Just watched Boiling Point (2021) and it was phenomenal. Lots of television to look forward to as well.
Including a television series of Boiling Point. Can't wait.
 

Garlic

Member
Oct 28, 2017
1,690
It's absolutely impossible for the decade that gave us Blade Runner, Evil Dead II, Aliens, Big Trouble in Little China and Robocop to be one of the "worst".

There is no bad era in film if you only cherry pick the great films and ignore all the bad/mid ones, he's approaching this holistically as someone who watches too many movies
 

djinn

Member
Nov 16, 2017
16,023
I think the 70s were the best decade of cinema so far. I do miss the thriller big budget movies of the 90s. But now my tastes change again as I get older, and I want to see more independent scifi films. That stuff is filling a niche nicely.
 

Kinthey

Avenger
Oct 27, 2017
22,943
The franchise domination seems to be bigger than ever before with so much stuff basically getting factory made.
 

jett

Community Resettler
Member
Oct 25, 2017
44,791
There is no bad era in film if you only cherry pick the great films and ignore all the bad/mid ones, he's approaching this holistically as someone who watches too many movies
I don't understand why people can't read it like this.

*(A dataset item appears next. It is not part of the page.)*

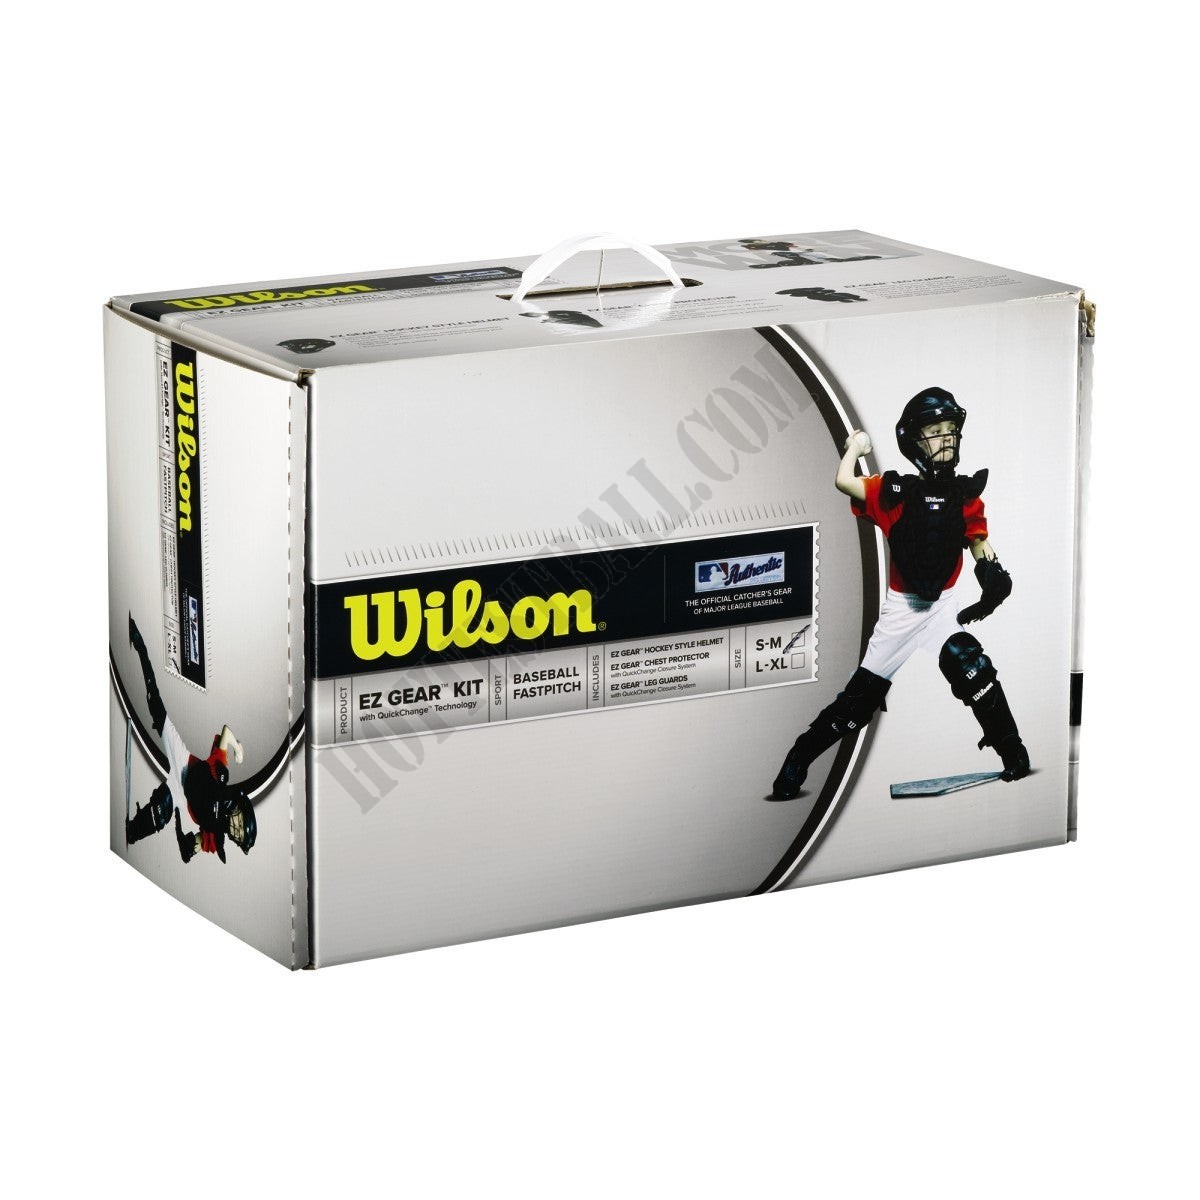 EZ Gear Catcher's Kit - Baltimore Orioles - Wilson Discount Store - -5

He's not calling your favorite movies garbage, folks.
 

aidangs

Member
Jan 8, 2019
537
He's right, in a way. Overturning the Paramount decision in 2020 combined with the ongoing consolidation of film companies into a small handful of corporations is fast-tracking the industry into a new kind of golden age studio system.

You already see it in the way promising actors and directors get scooped up and chained to decade-long contracts, or how new Marvel movies take up like 75% of movie screens when they come out, pushing out smaller independent films. And the audience response is always "well those are the big movies people want to see, of course they get all the screens!" as though this isn't a problem. Depending on the continued viability of the theater industry I'd bet we're not too far from Disney or Amazon buying up chains and exclusively running their own movies at branded theaters.
 

Punished

Member
Jun 19, 2019
444
I agree with him in that it's rare that a drama would come to my local cinema. It's only ever super-heros, cartoons or horror.

It sucks if you live somewhere that doesn't have a good cinema showing arthouse/independent/'world cinema', because I think we are in a golden age for them.